From the line containing "Vente appartement T1" to the line containing "コミカルなシーンやいたずらシーンの未再生の波形" in the records below, set down every line exactly as it stands, both ends included, and skip the pictures.

START Given data

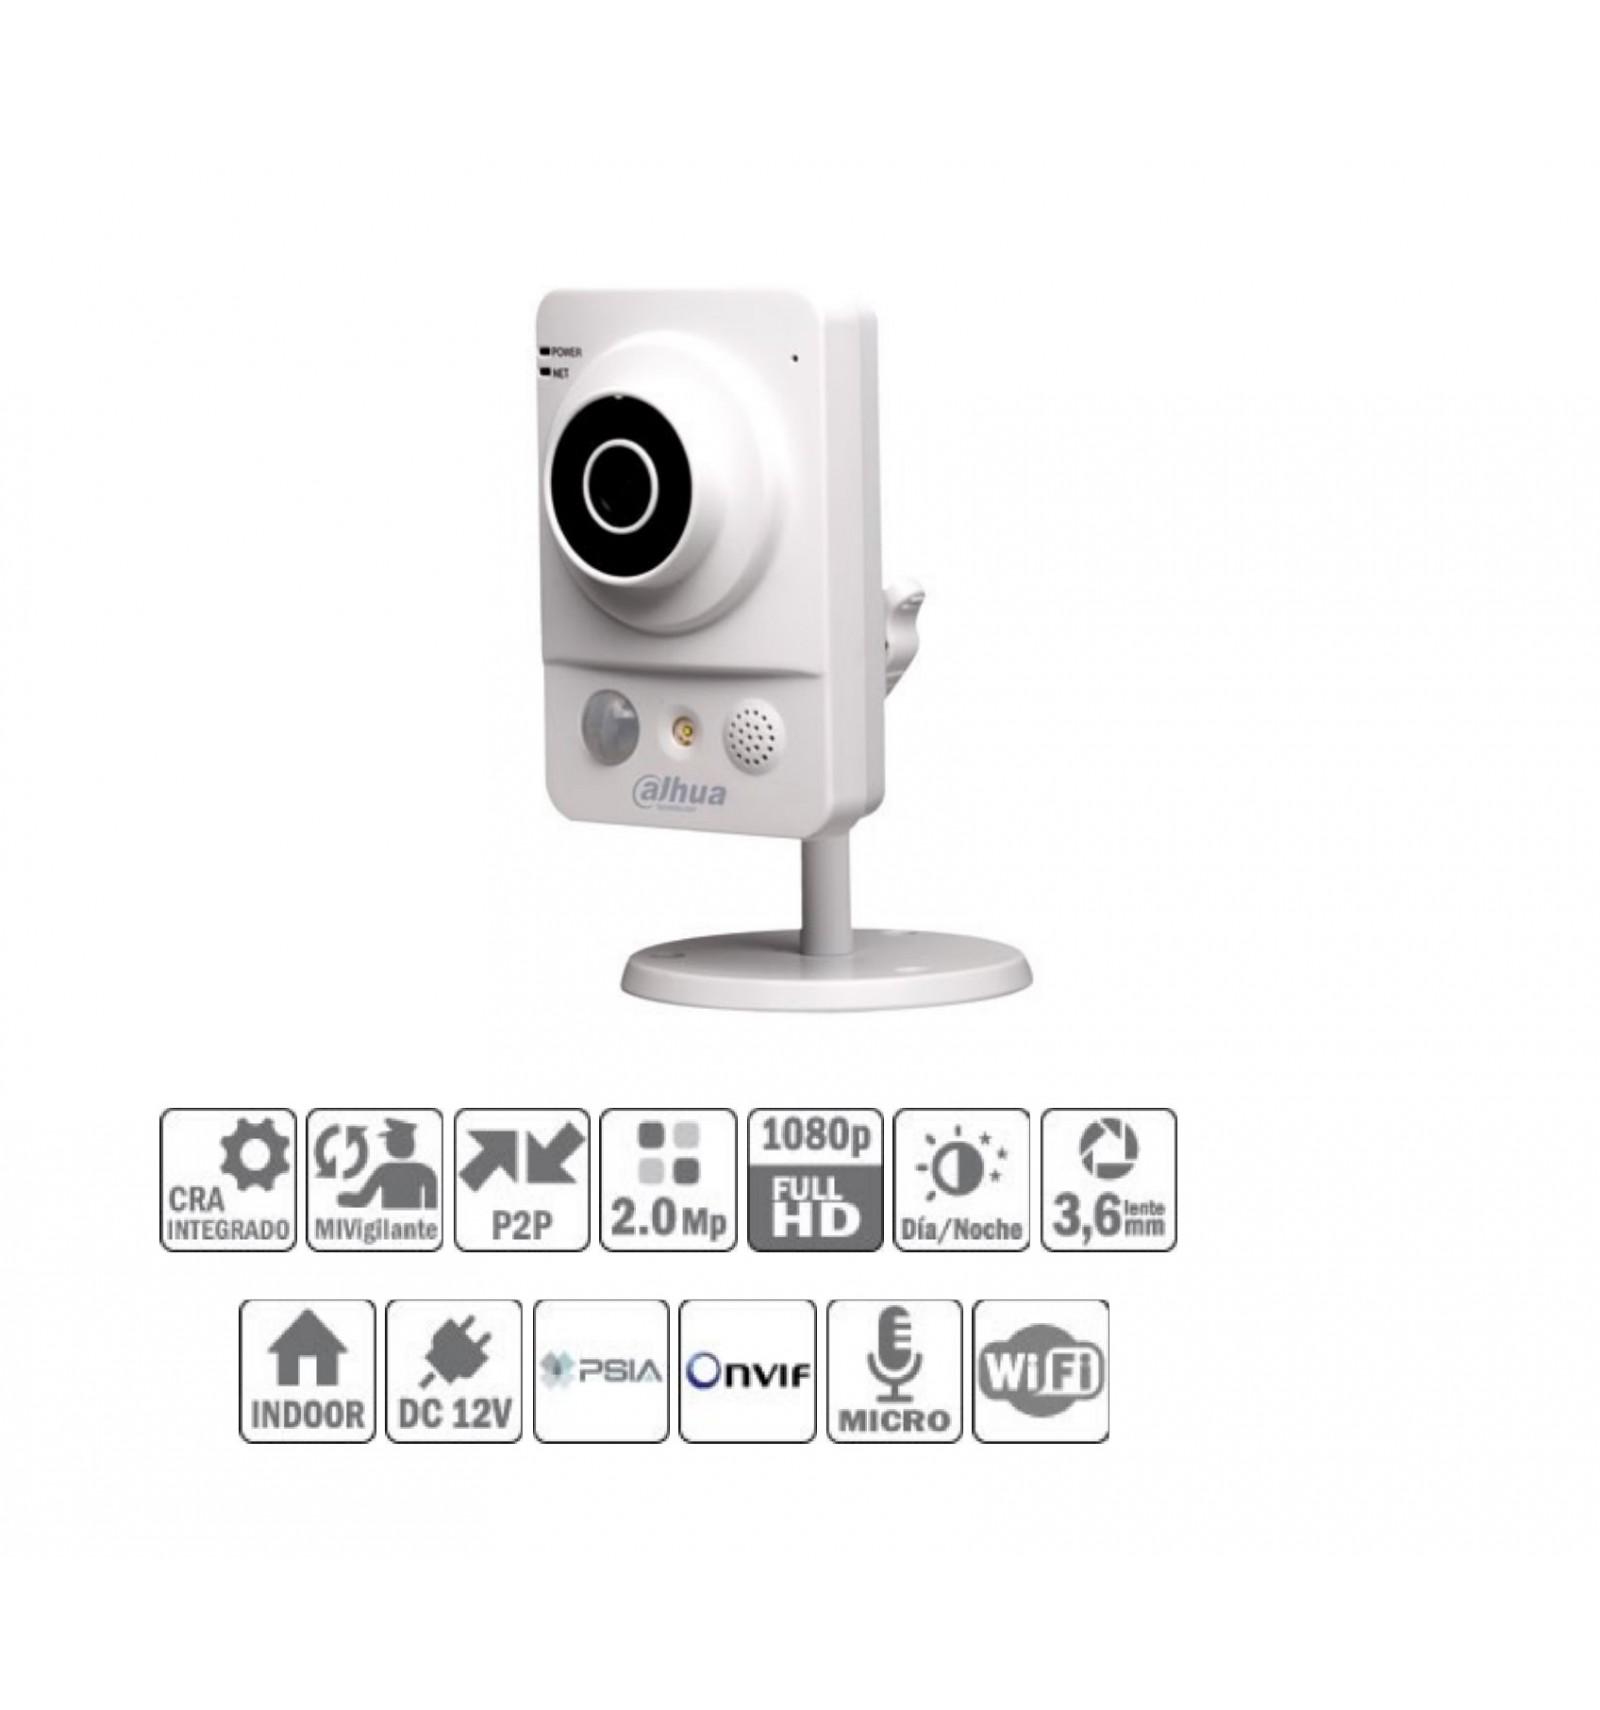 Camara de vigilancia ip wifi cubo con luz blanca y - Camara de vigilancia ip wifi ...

END Given data
START Given data

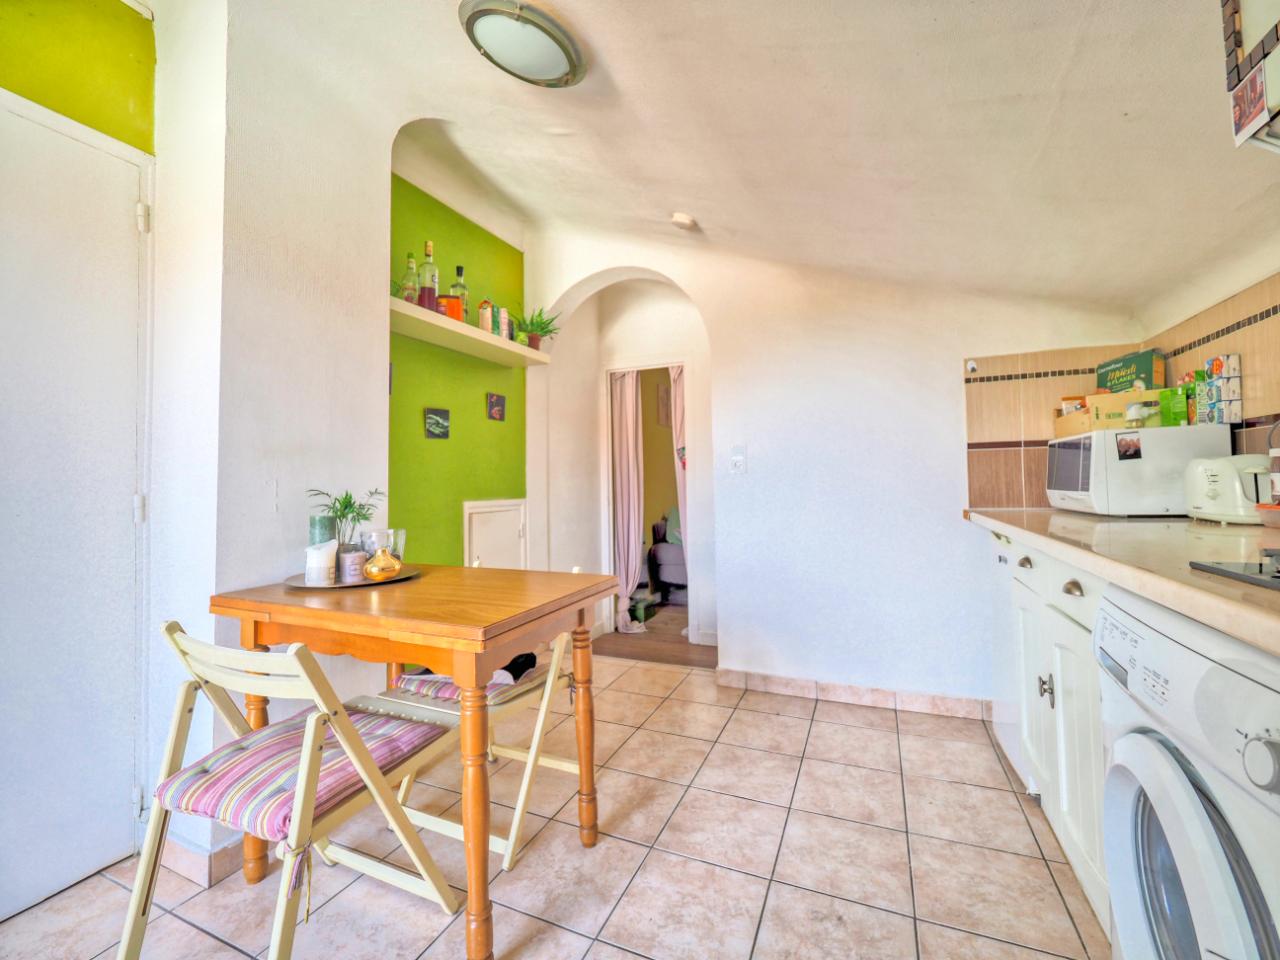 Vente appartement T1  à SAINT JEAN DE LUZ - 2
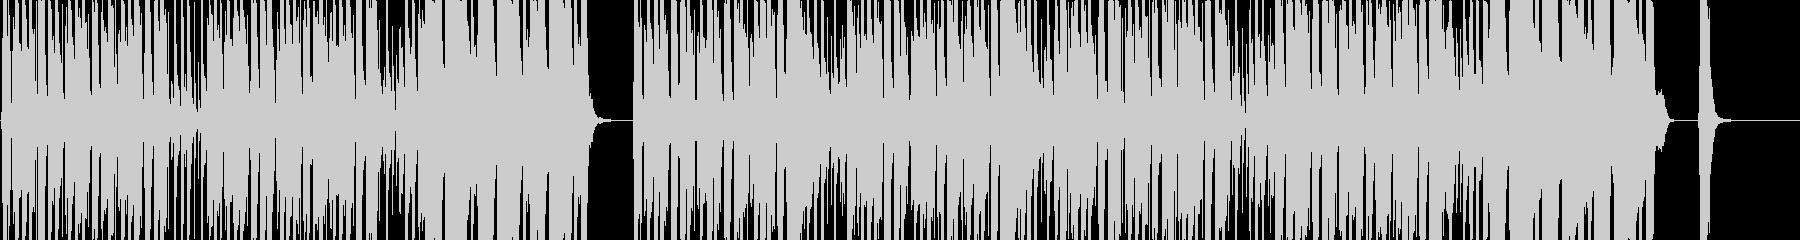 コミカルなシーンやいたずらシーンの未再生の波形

END Given data

§ **Solution for this exercise**
 Vente appartement T1  à SAINT JEAN DE LUZ - 2
 コミカルなシーンやいたずらシーンの未再生の波形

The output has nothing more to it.